I have a question where I have a force F(t) acting on particle ,
I intgrate 2 times and find X(t) , i used innitial conditions given x=0 , t=0 , v=0 .

1) now they ask me to write the work done by the power between t=0 , t=<epsilon> I know that dw=F dot DX but here the f and x are both functions of t so .... ???
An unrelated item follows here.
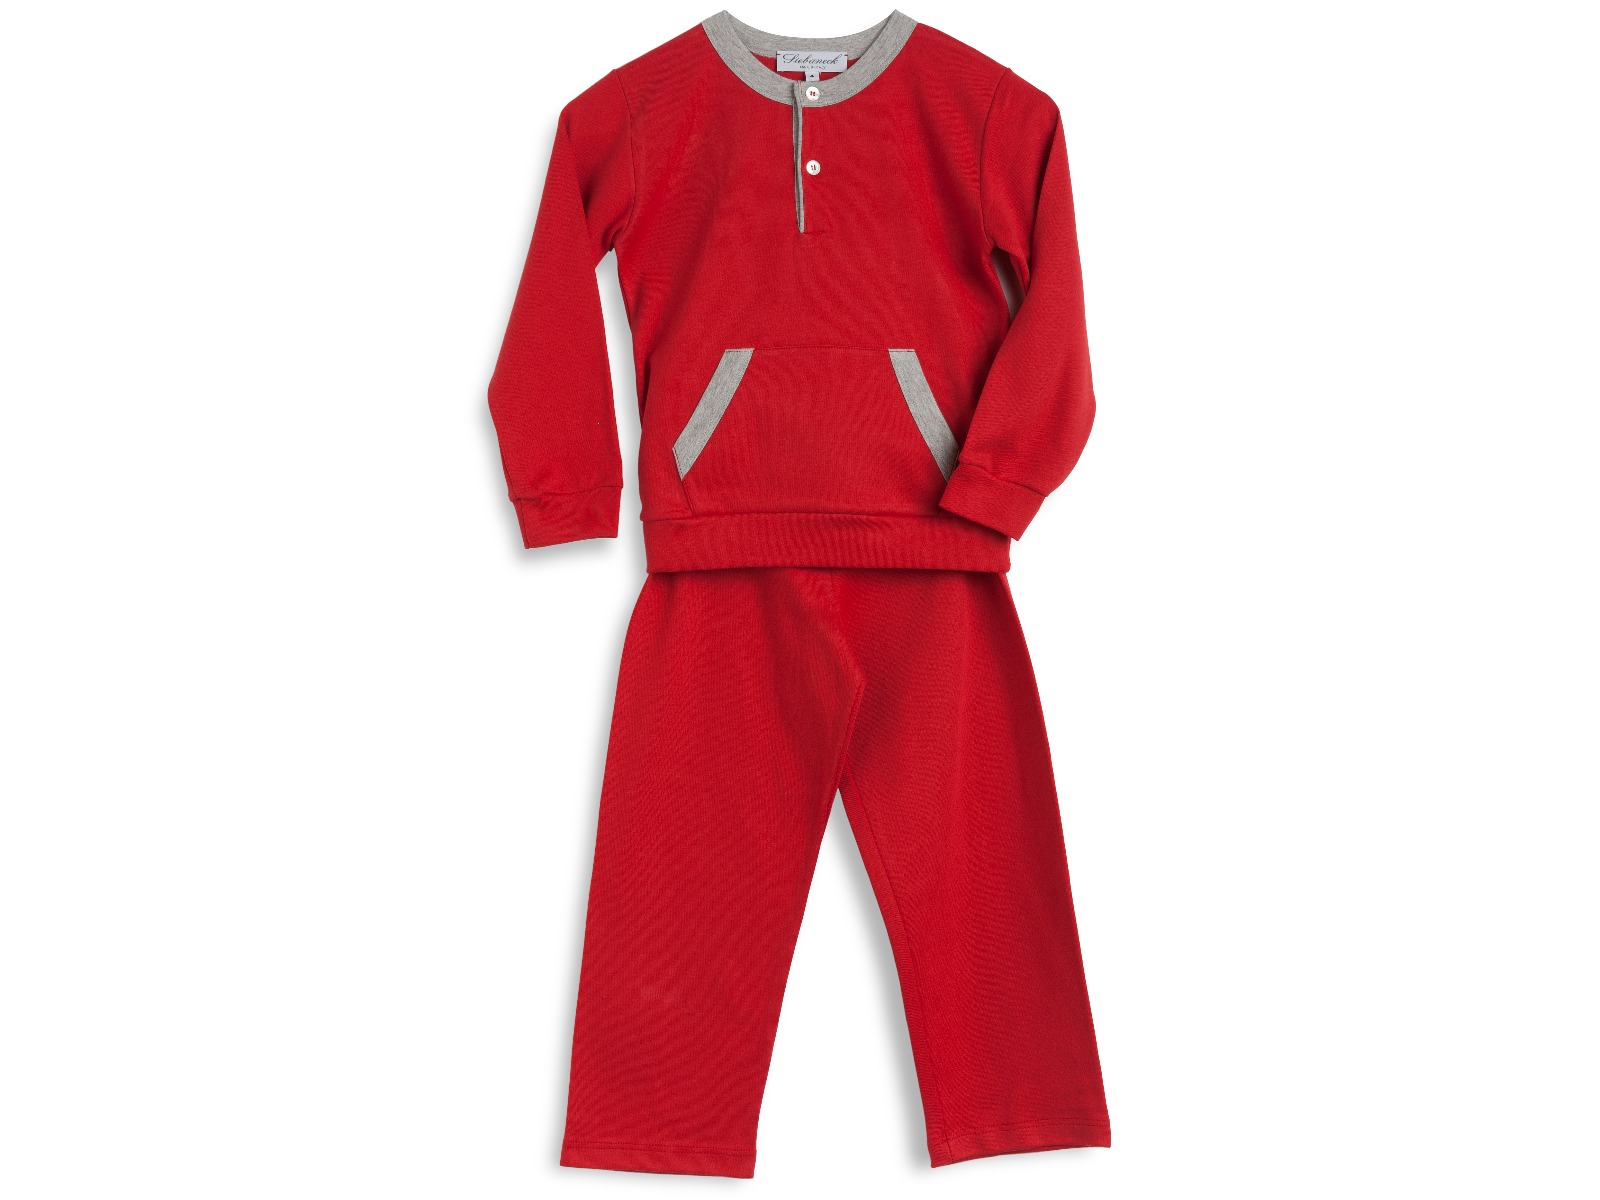 Siebaneck, i pigiami artigianali italiani: - bambino - mod. 107 rosso e grigio

2) after that i need to write the power of the force on time t>0 i think interval t=0 , t=t ... ???

thank's in advance

[ramollari]

1)
You have dx/dt = ... -> dx = ...dt
W = \int_{x_0}^{x}Fdx = \int_{t_0}^{t}F(t)...dt

You know F in terms of t to get the solution.

2)
P = Fv = F(t)v(t), which you already have.

[sAXIn]

yes but you don't put in consideration that x is function of t it\s integral of F(t)d(x(t)) or something

2) I know that p=FV when the force is constant here it isn't ?!

[marlon]

sAXIn,

There are two options actually.

Suppose (i take x and F both along the x-axis, but you know that the integrandum of the work is a SCALAR product of two vectors)
F = 2
x = t²

You just need to substitute everything towards t...
Then W = \int Fdx = \int 2d(t^2) = \int 4tdt

Make sure that you adapt the boundaries.

or, since you know the velocity , you can calculate the kinetic energy and you know that work is equal to the difference in kinetic energy between the end and beginning of the motion : W = E_{k}^{FINAL} - E_k^{BEGINNING}

marlon

[ramollari]

1) Of course it is used:

W = \int_{t_0}^{t}F(t)v(t)dt

where dx = v(t)dt. So what's the problem.

2)
You need instantaneous power, which is the product of instantaneous force at time t and instantaneous velocity at time t. If you had used

P = \frac{\Delta W}{\Delta t}

then it would have been average power that doesn't apply in this problem.

If you're skeptic:

P = \frac{d}{dt}[W(t)] = \frac{d}{dt}(\int_{}^{}F(t)vdt) = Fv


where you well know that dx = vdt.

[sAXIn]

I got it's the same : I can integrate f(t)v(t)and then def. by dt so its = power or just skip it and f(t)v(t) is my power !!! thanks a lot ...